Does Mountain Dew Dissolve Bodies? PepsiCo Thinks So
On the heels of PepsiCo's announcement that their products aren't bad for you comes a wonderfully wacky legal dispute. Could a Madison County, Illinois man have found a mouse in his can of Mountain Dew? PepsiCo says no, but not because their manufacturing standards are infallible. Rather, they argue that the mouse would have dissolved before the man could have found it.
These kinds of strange products liability cases pop up all the time: complaints of bugs, vermin and body parts in packaged food are everyday affairs. Much of the time they are scams, and the few valid claims are the result of imperfect quality control over massive manufacturing operations. Cases are usually settled or, if they don't get to court, the person that complains gets some coupons.

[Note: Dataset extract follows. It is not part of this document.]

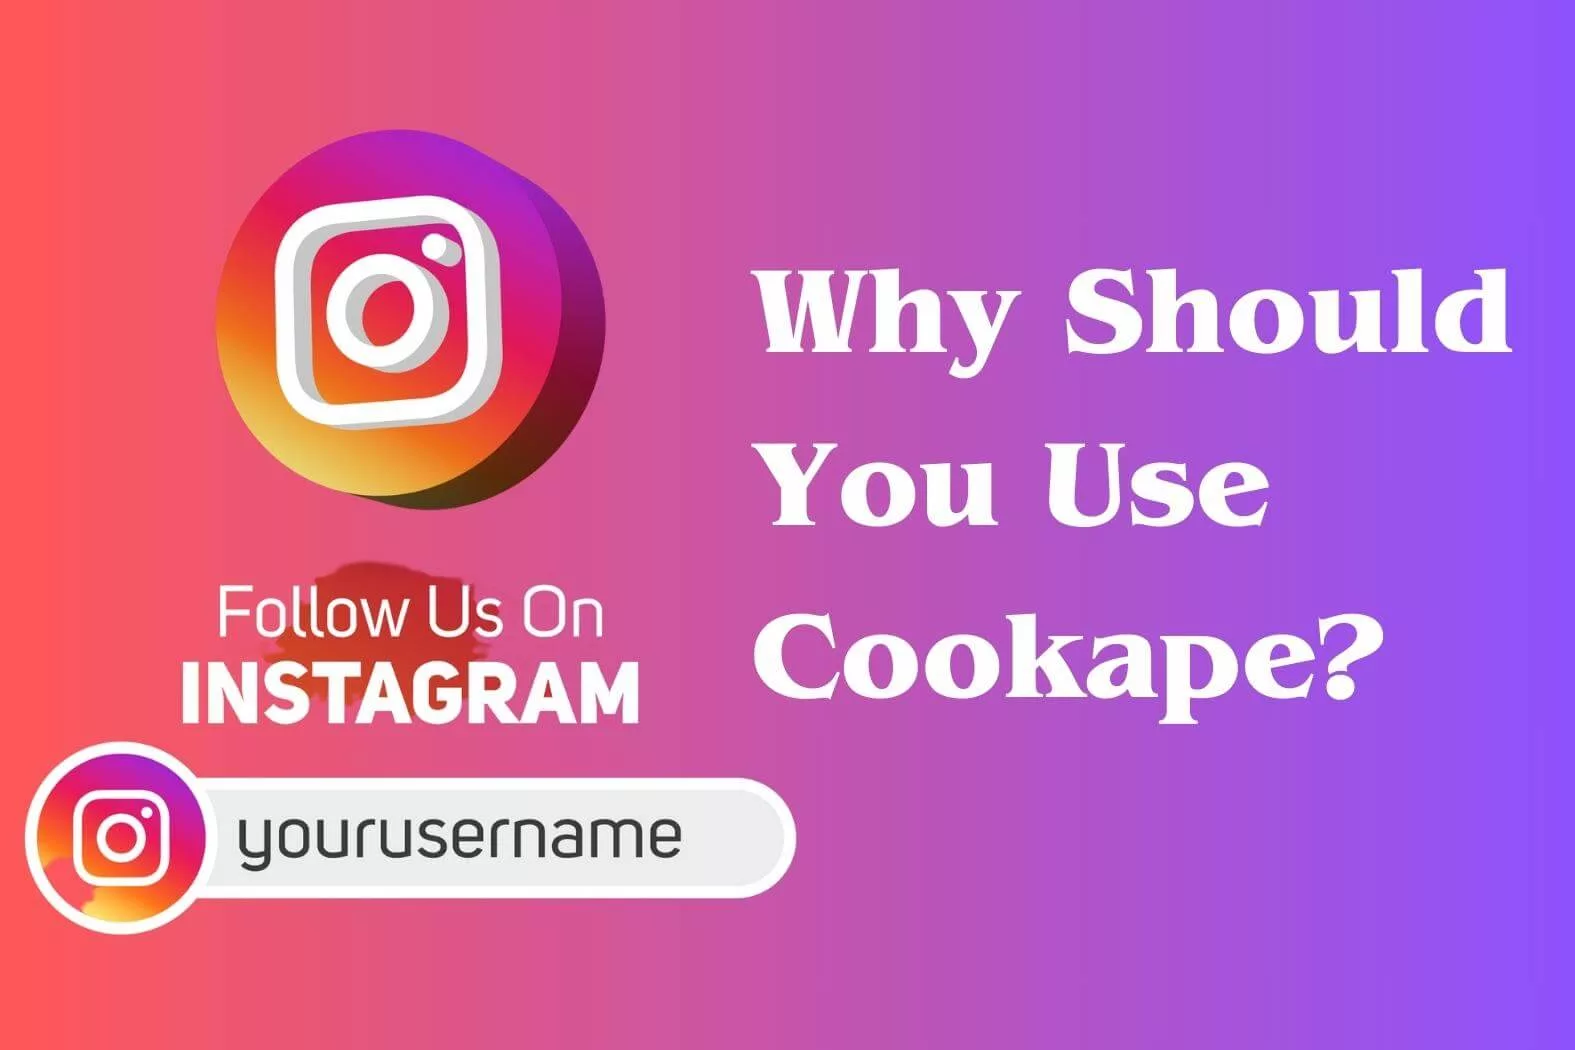 Why Should You Use Cookape?

That's why this one is so strange; Pepsi's defense seems tailor-made to scare their customers.
The case was first brought in 2010, and right now, it's still in the early stages. The plaintiff, Ronald Ball, doesn't have the can or the mouse, and he claims he sent it to Pepsi for analysis and they destroyed it. This radical defense, a response to that claim made just before the new year, cited expert evidence that "the mouse would have dissolved in the soda had it been in the can from the time of its bottling until the day the plaintiff drank it."

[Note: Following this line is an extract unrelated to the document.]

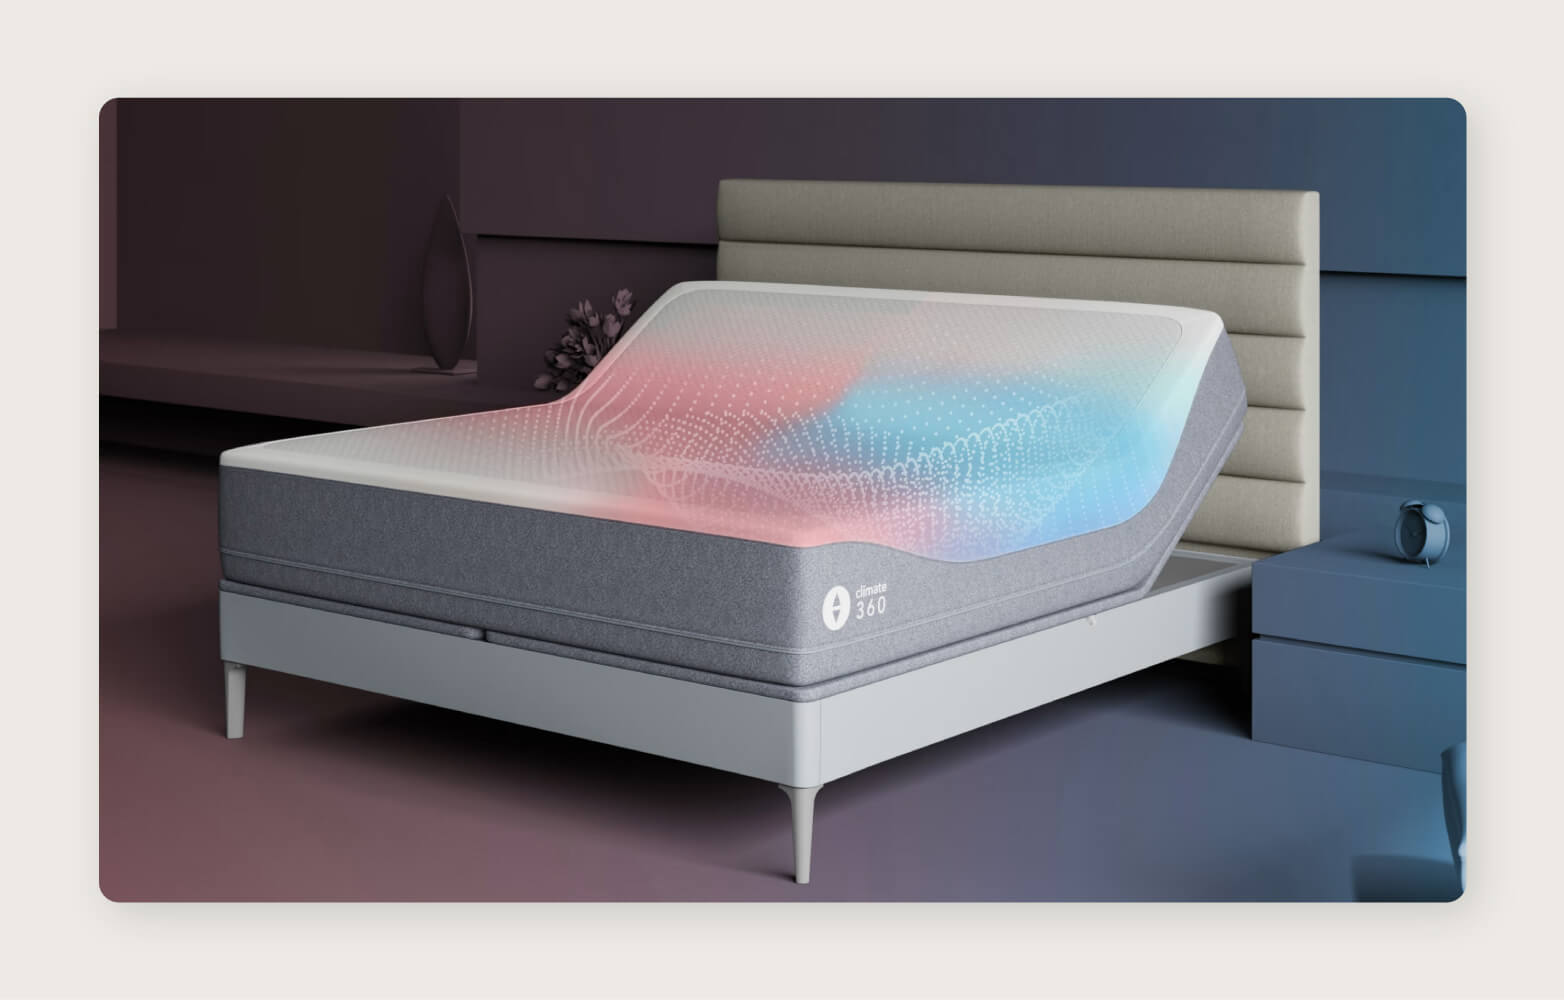 An inclined Sleep Number Climate360 Smart Bed in a plain gray room.

Rumors about the effects of soda on teeth are common — some of us even did experiments in elementary school science classes. And the acid that Pepsi claims would dissolve the mouse into a "jelly-like substance" isn't that different in strength from what is found in orange juice. The problem is the image: does Pepsi really want to give consumers the mental image of their internal organs dissolving from their daily dose? The cost of settling this lawsuit can't come close to the potential PR effects.